==== INFORMATION PROVIDED ====
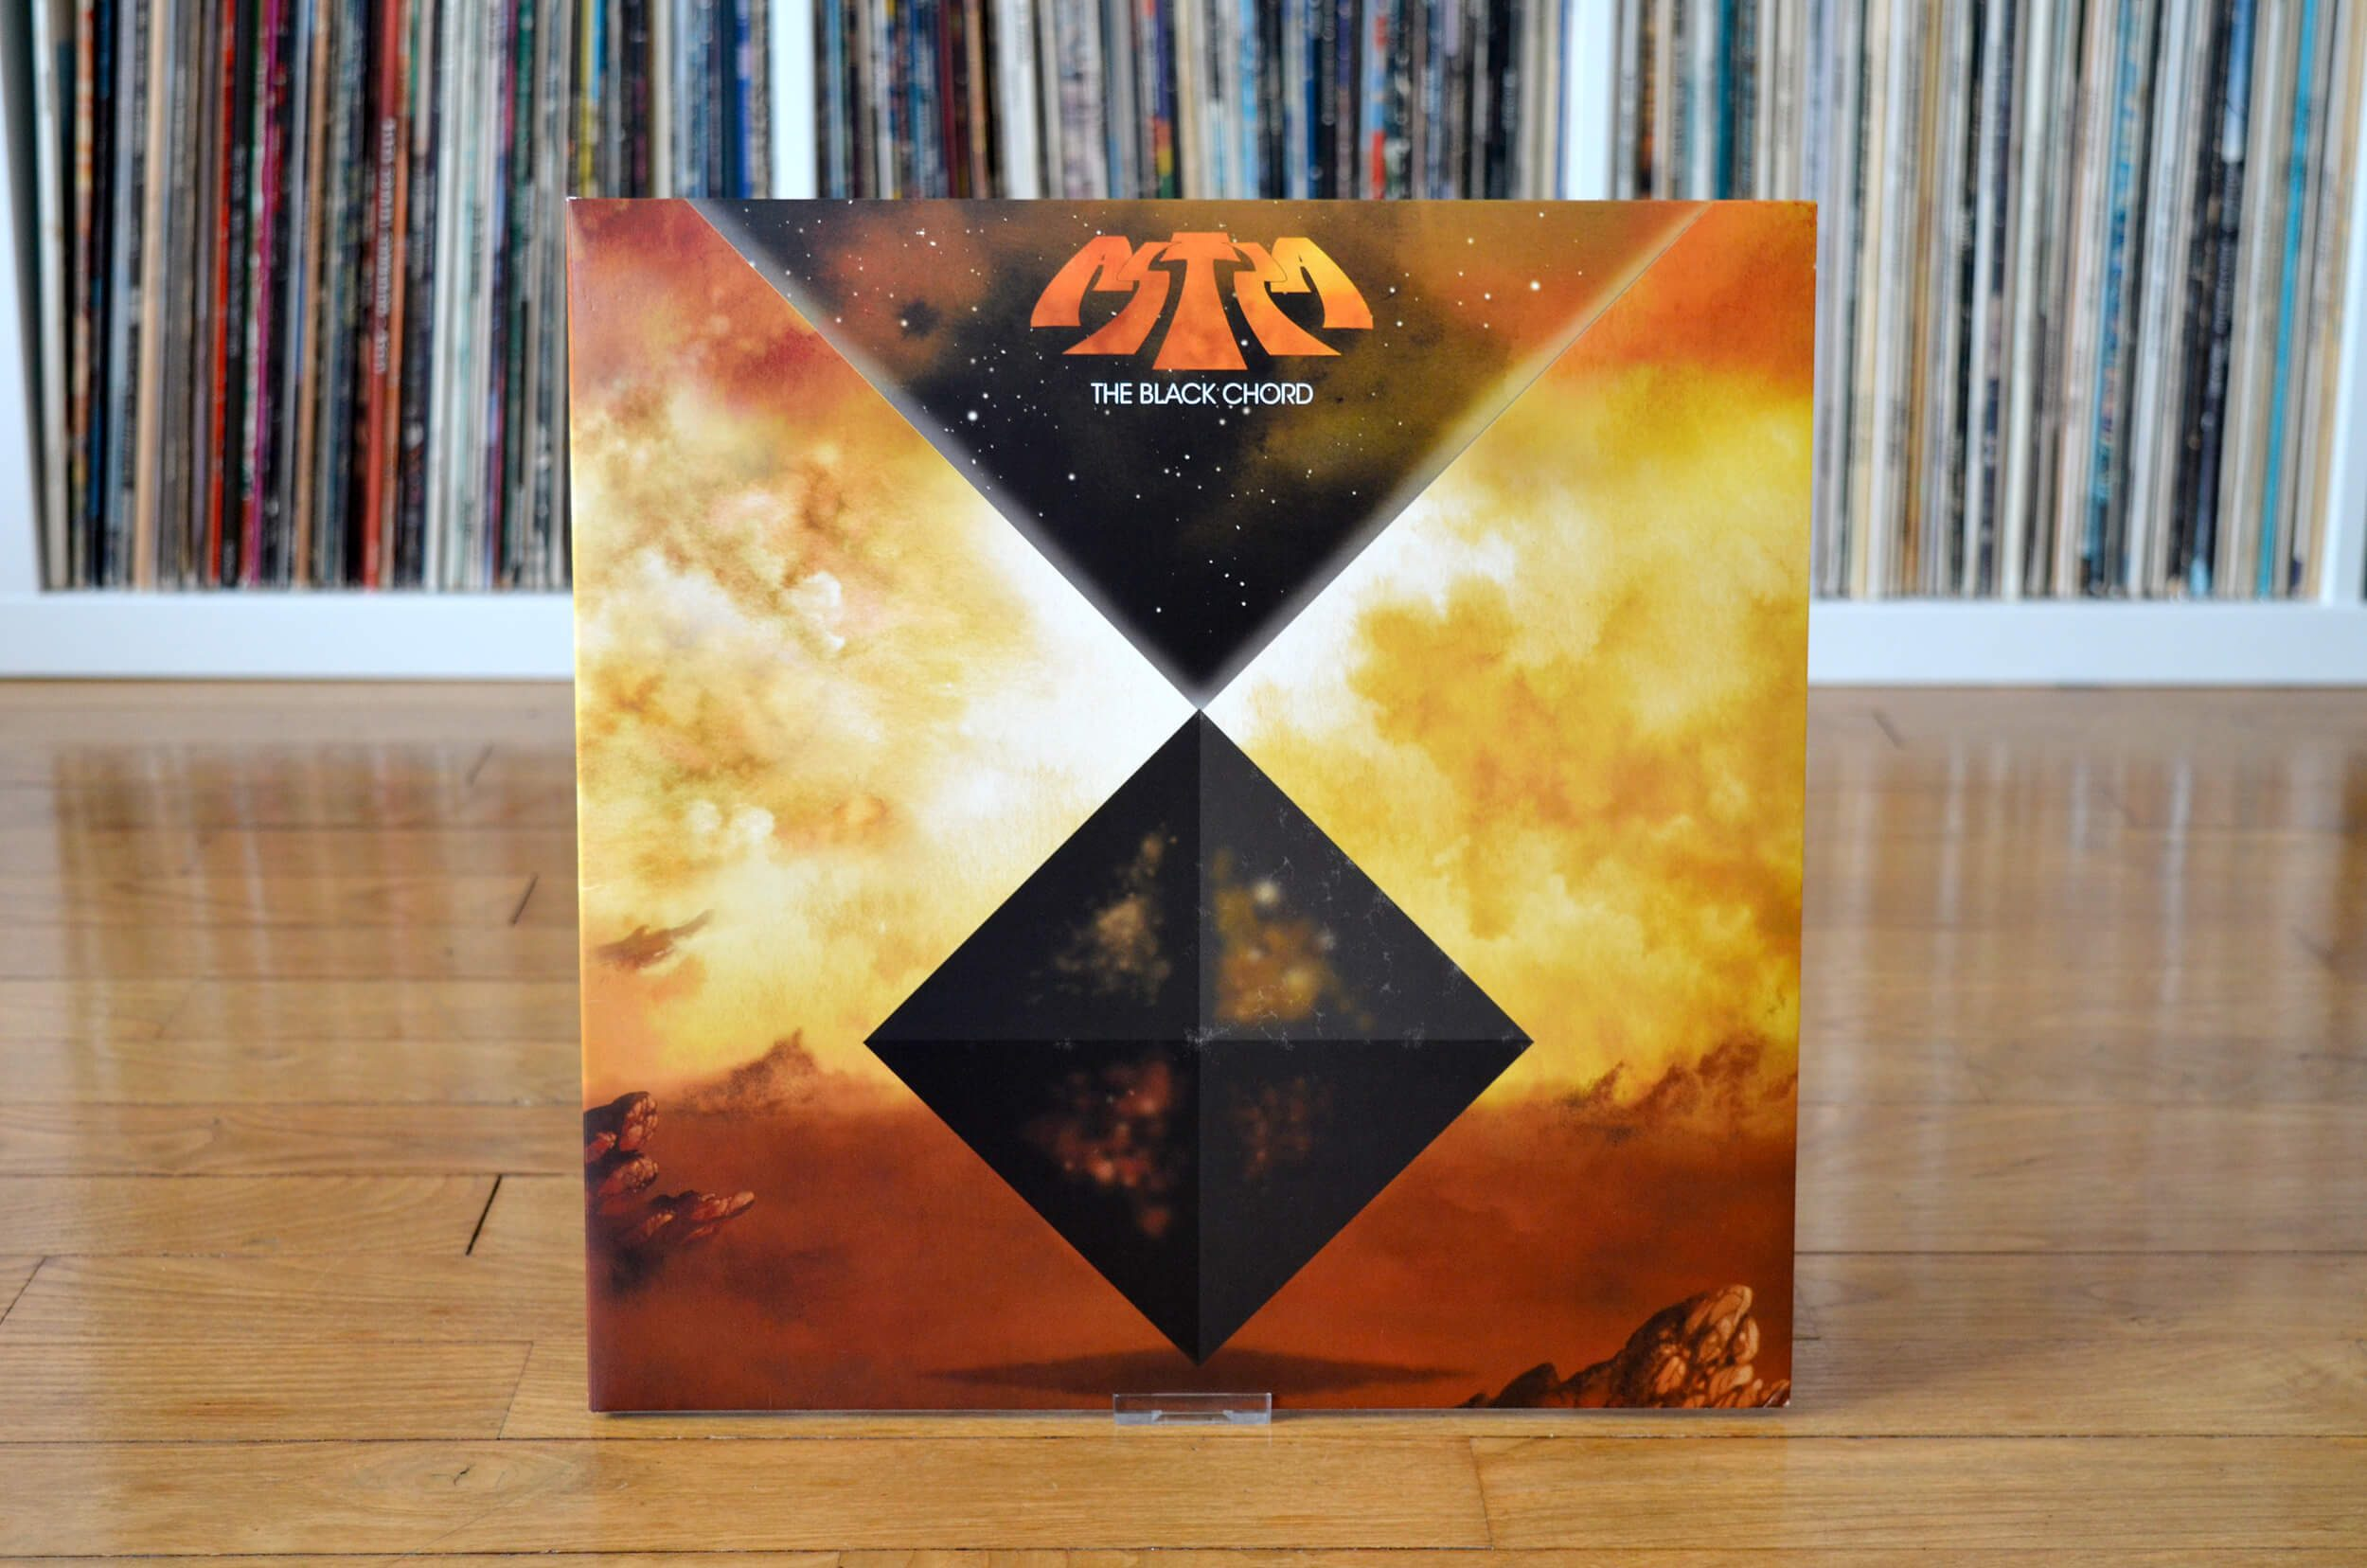 Astra - The Black Chord
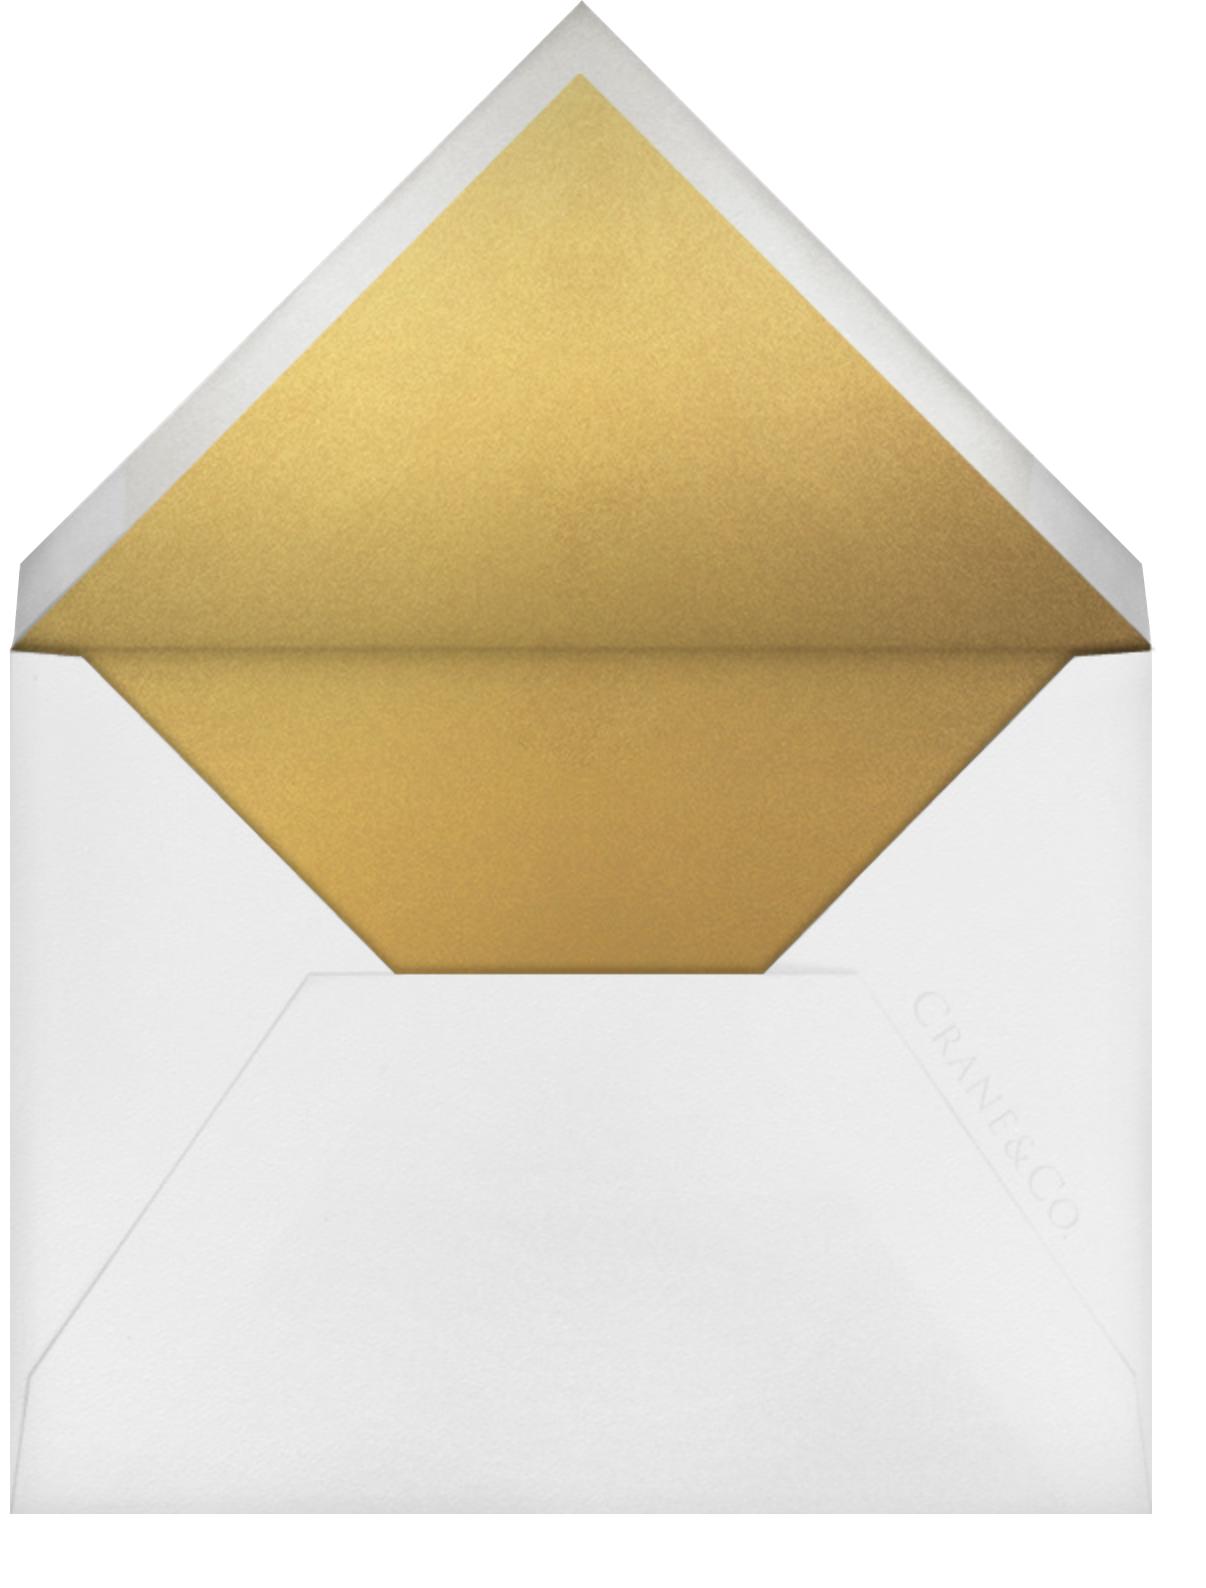 Splatter Cloth I (Invitation) - Gold - Paperless Post - Bar and bat mitzvah - envelope back
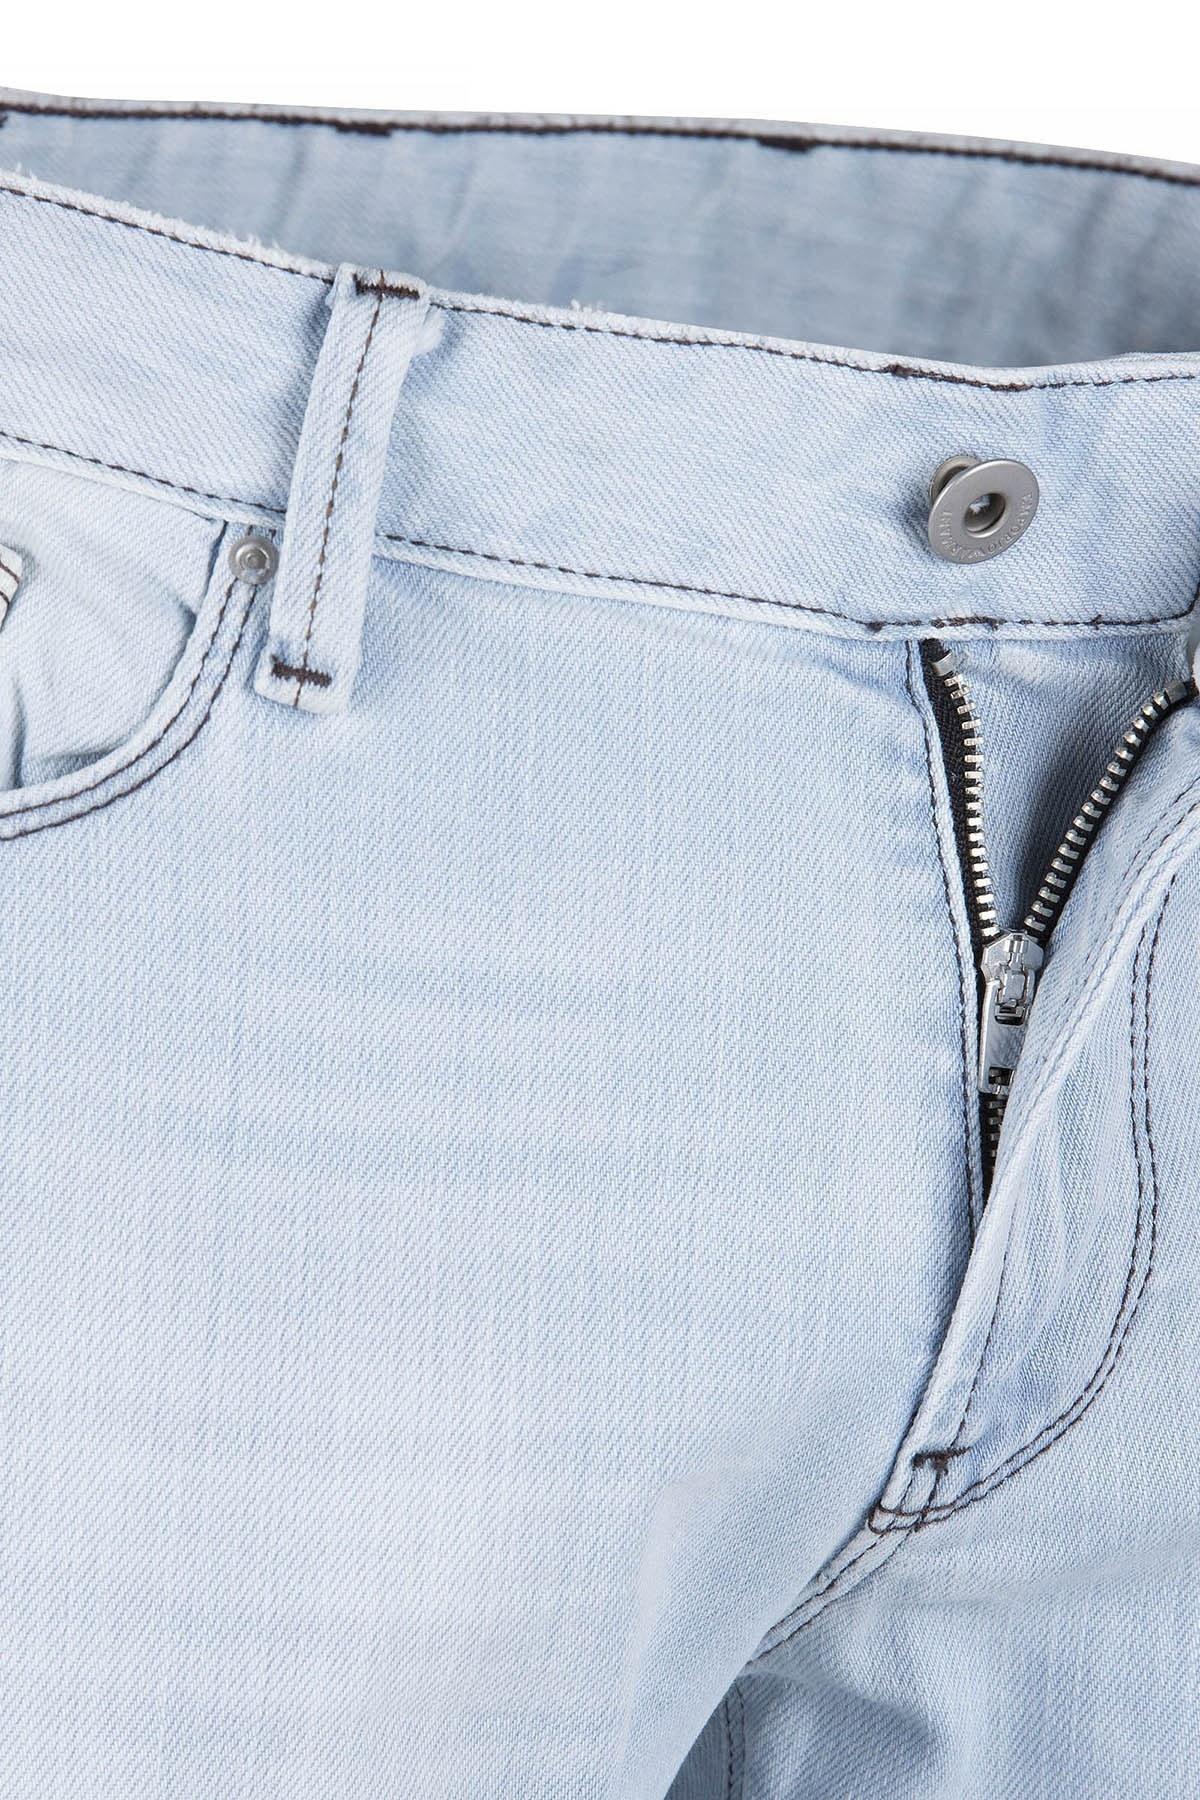 EMPORIO ARMANI J06 JEANS Erkek Kot Pantolon 3Z1J06 1D14Z AÇIK MAVİ
====
REQUIRED WORK - Print the data word for word and omit the pictures.

OUTPUT OF THE TASK -
 Astra - The Black Chord
 Splatter Cloth I (Invitation) - Gold - Paperless Post - Bar and bat mitzvah - envelope back
 EMPORIO ARMANI J06 JEANS Erkek Kot Pantolon 3Z1J06 1D14Z AÇIK MAVİ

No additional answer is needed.